**BRIEF**
When you copy the entries, match them exactly and omit the pictures.

**AVAILABLE RECORDS**
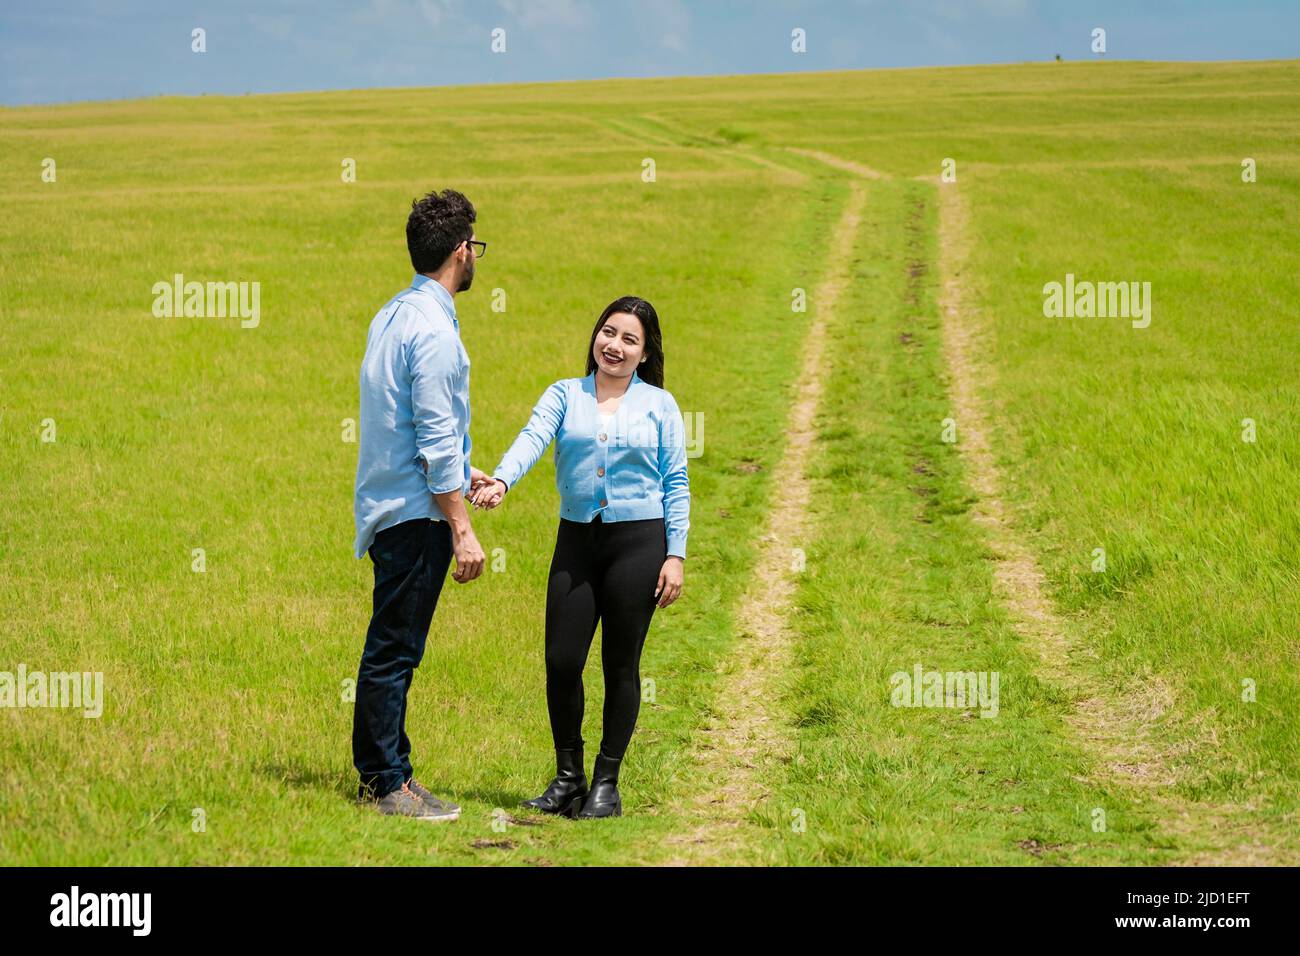 Deux personnes tenant les mains dans le champ, beau couple tenant les mains regardant l'un l'autre dans le champ, deux amoureux dans le champ tenant les mains Banque D'Images
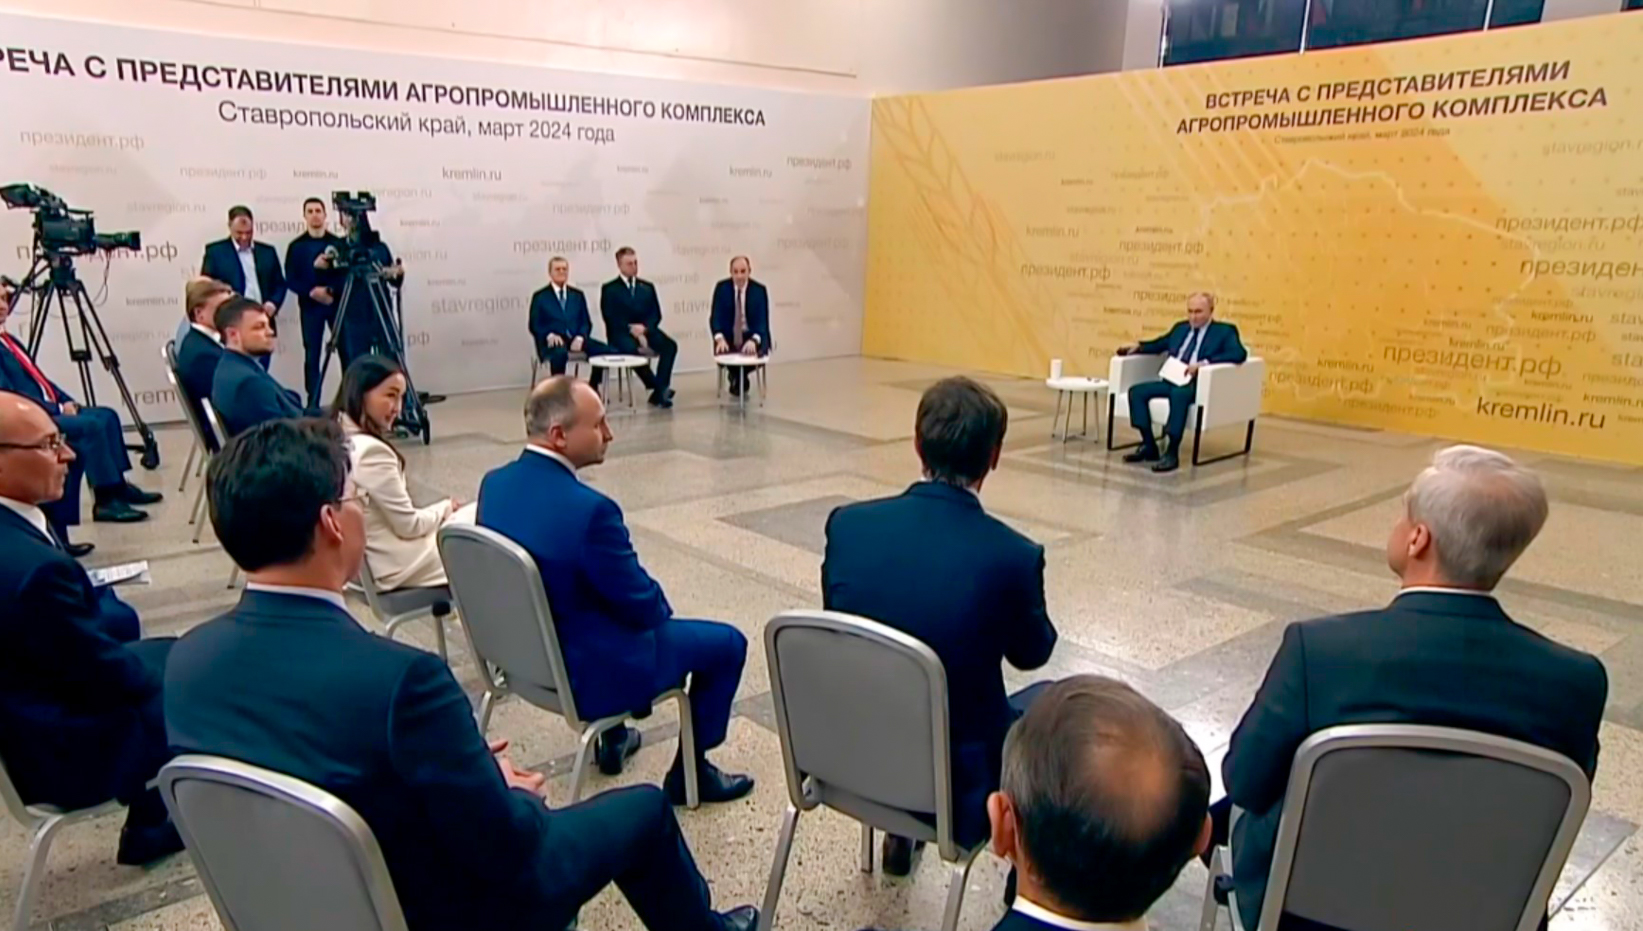 Владимир Путин проведет следующее совещание с аграриями в Павловске Воронежской области
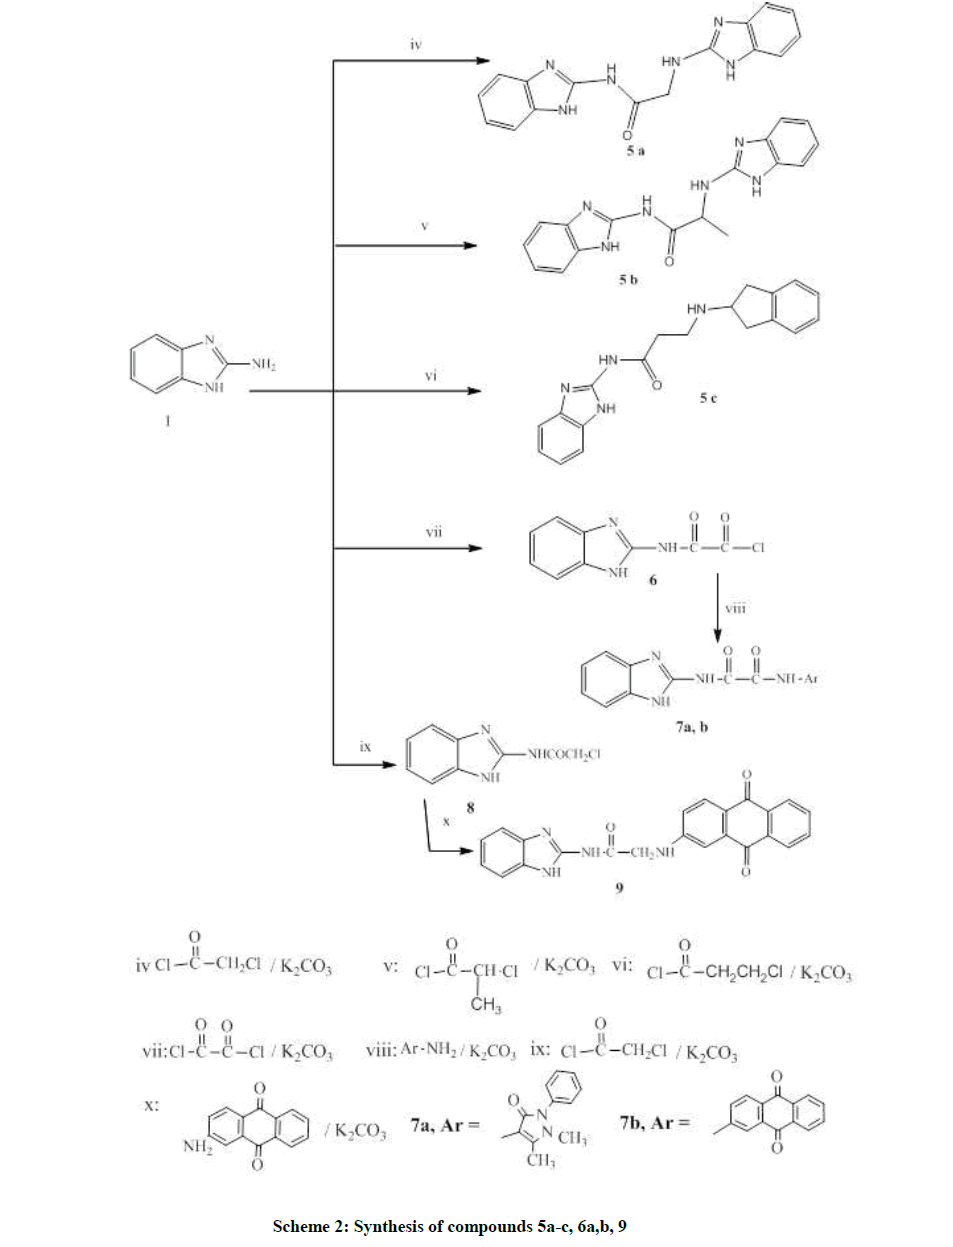 derpharmachemica-compounds
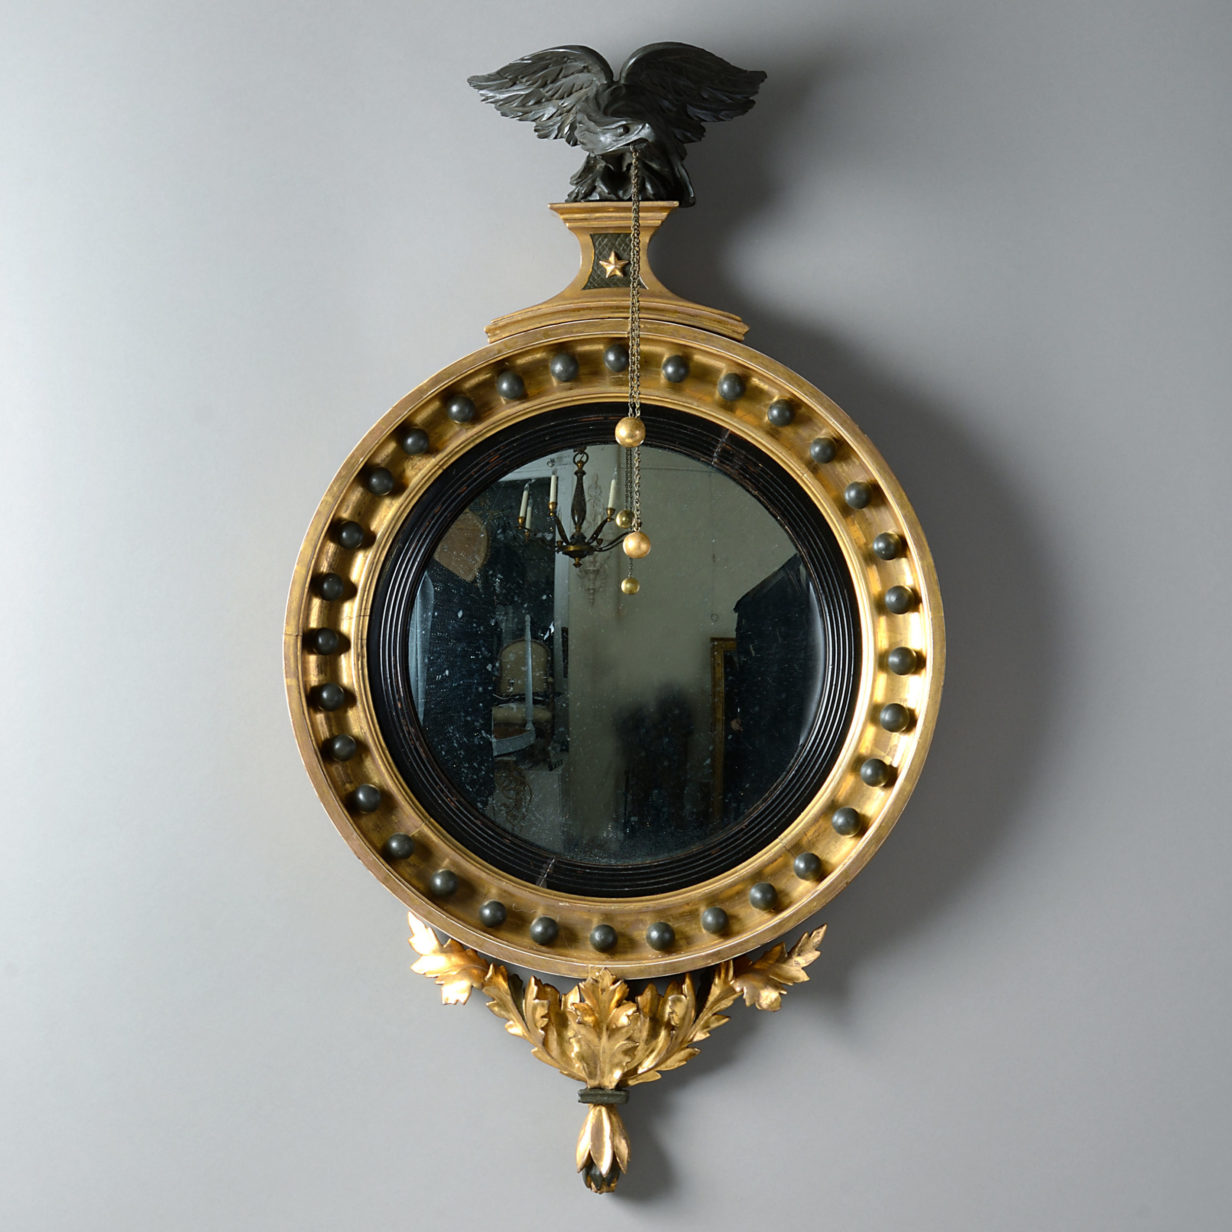 A 19th century regency period convex mirror
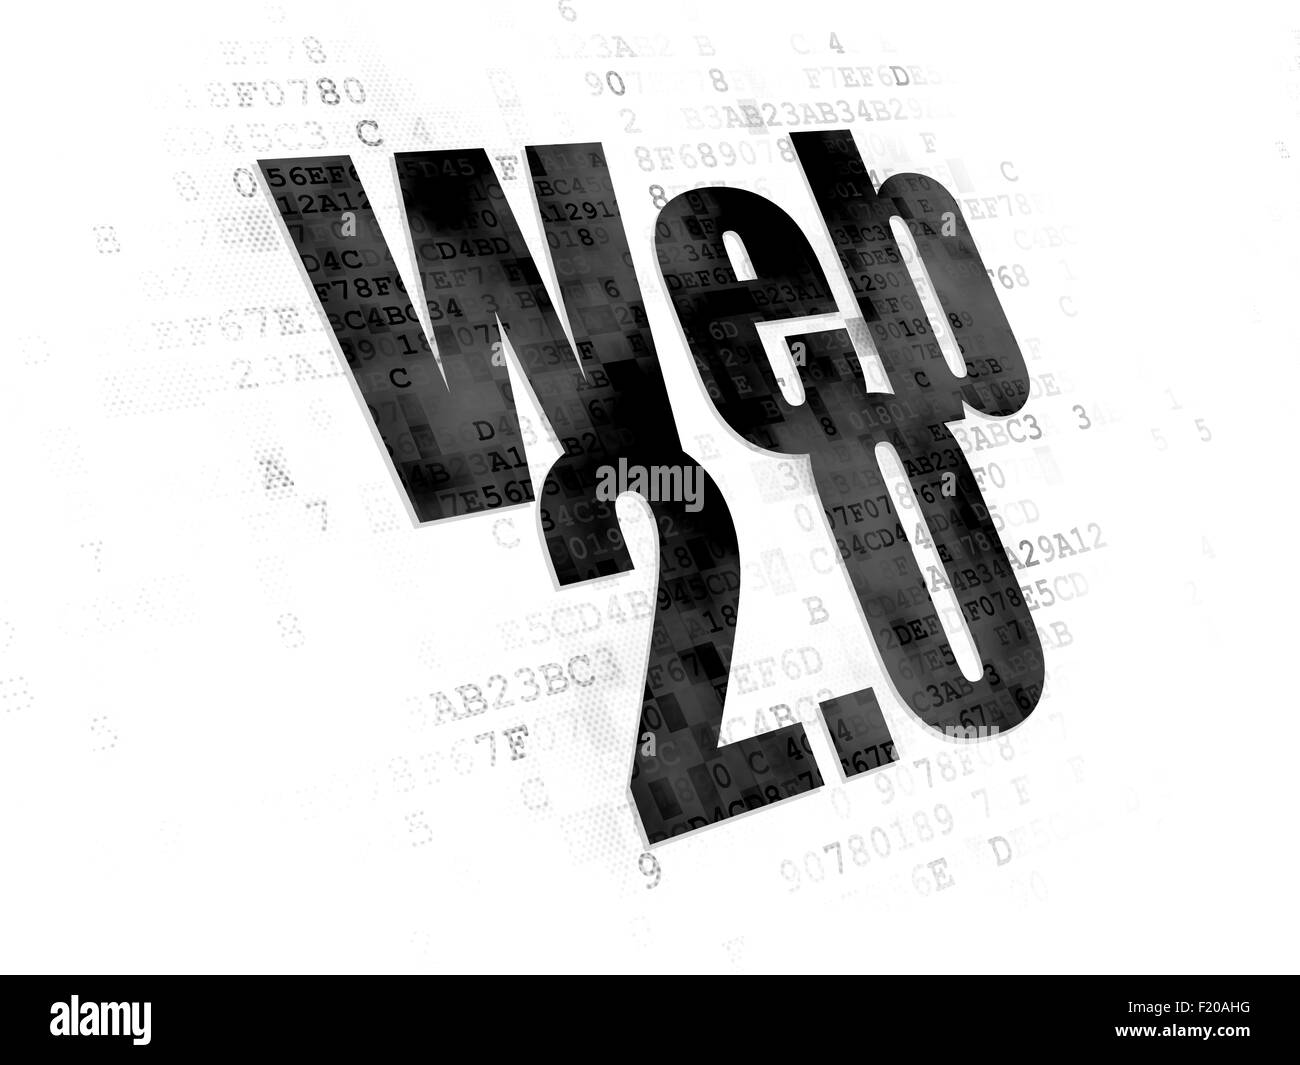 D4c Webapps

**WORKED SOLUTION**
 Deux personnes tenant les mains dans le champ, beau couple tenant les mains regardant l'un l'autre dans le champ, deux amoureux dans le champ tenant les mains Banque D'Images
 Владимир Путин проведет следующее совещание с аграриями в Павловске Воронежской области
 derpharmachemica-compounds
 A 19th century regency period convex mirror
 D4c Webapps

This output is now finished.